Note, the CORRECT way to do that hypothetical, is to say let us assume 
that we give this input to a UTM, but not change the input, so it still 
acts as the actual H / embedded_H, and then we see that if H / 
embedded_H will ever decide to end its partial simulation, and go to qn, 
then H^ will go go H^.qn and halt, so the UTM simulation of this input 
will ahalt.

There is n way to actually define an input machine H^ that will change 
itself when we hypotosize the decider being something different and 
giving the input to the original machine to it.
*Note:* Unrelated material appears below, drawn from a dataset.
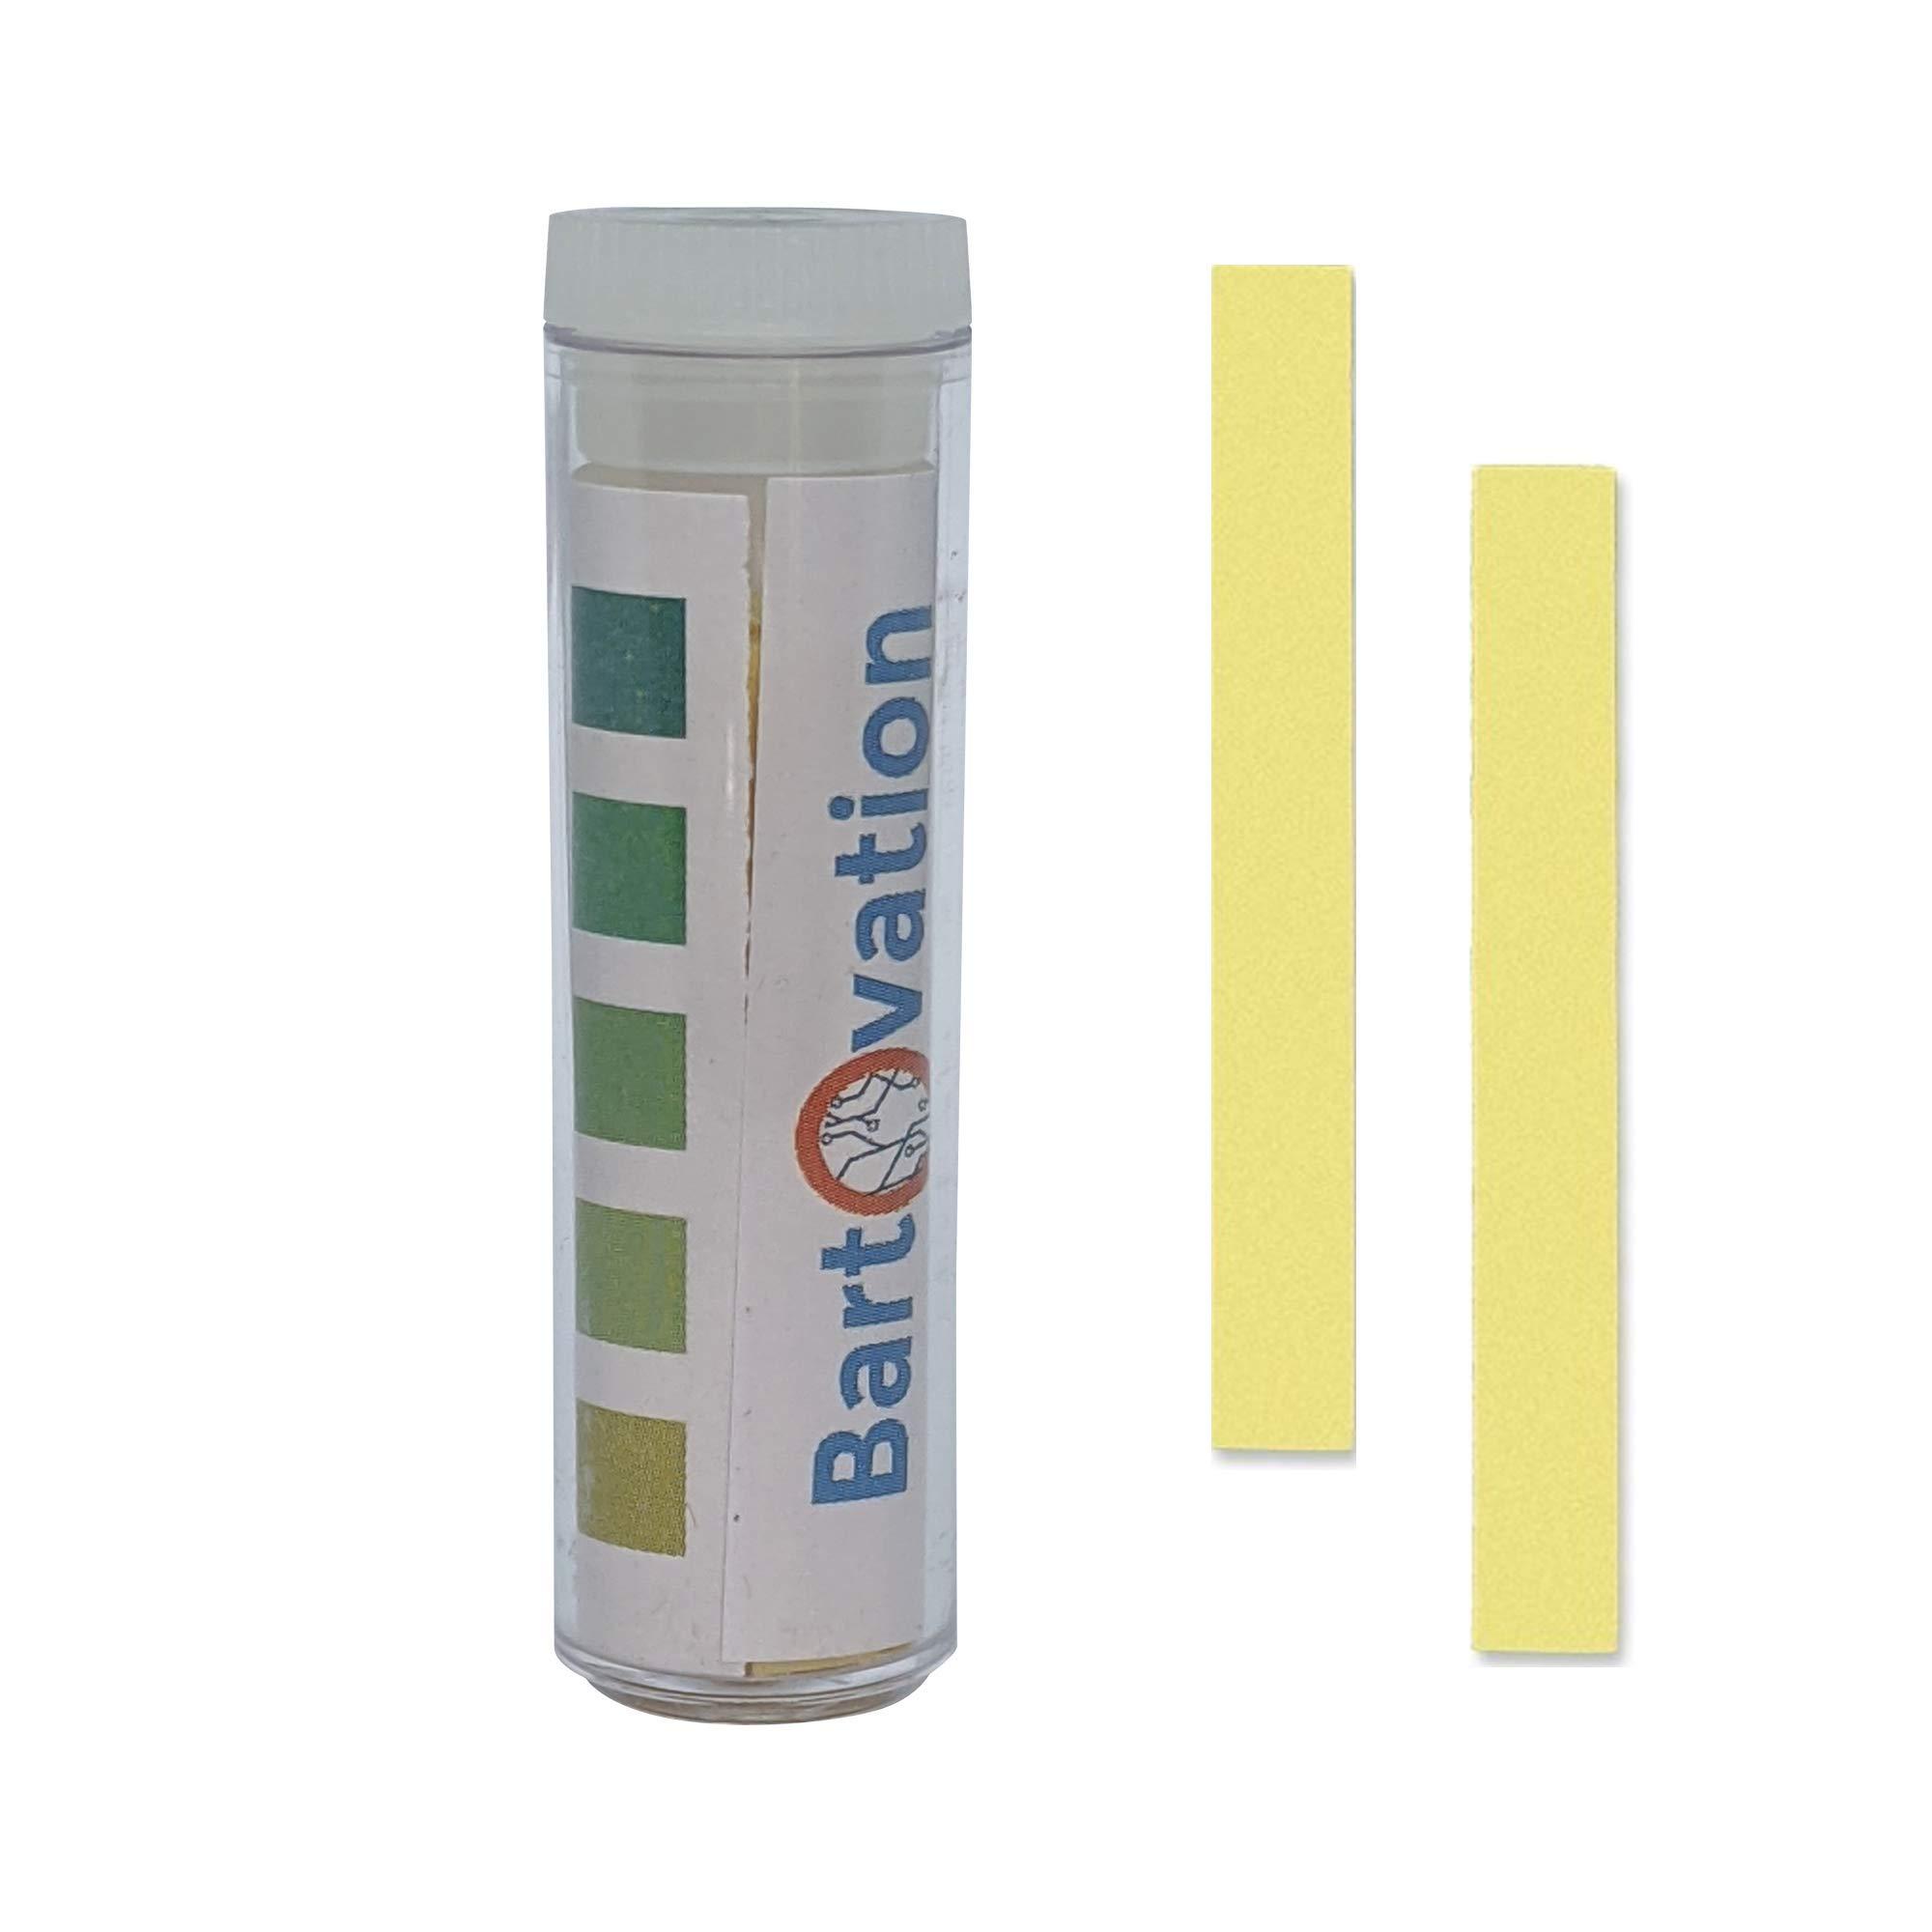 Restaurant Quaternary Ammonium (QAC, Multi Quat) Sanitizer Test Paper, 0-500 ppm [Vial of 100 Paper Strips]

Note, the fact that the decider doesn't get the right answer in a finite 
number of steps is NOT grounds for it to give the wrong answer. The 
problem was NEVER can H simulate the input to the final state, but 
ALWAYS does the machine itself get to the final state (which can by the 
definition of a UTM, be shown by an actual UTM simulation of the input, 
but NOT a 'partial simulation'). If it takes an infinite number of steps 
to show that the input is non-halting, then the decider is put on the 
spot, as it must due so, but can't, which is one cause of problems being 
non-computable.

Also, when we look at the actual machine, which is the actual goal of 
the problem refered to, we see, and Peter Olcott has agreed, that the 
machine H^ (H^) will go to H^.qn, despite his claim above otherwise (so 
he is disagreeing with himself).

Peter Olcott is just proving his total lack of understanding of the 
field, and is reckless disregard for the truth about it, and that he is 
just willing to state lies to try to prove his false thesis.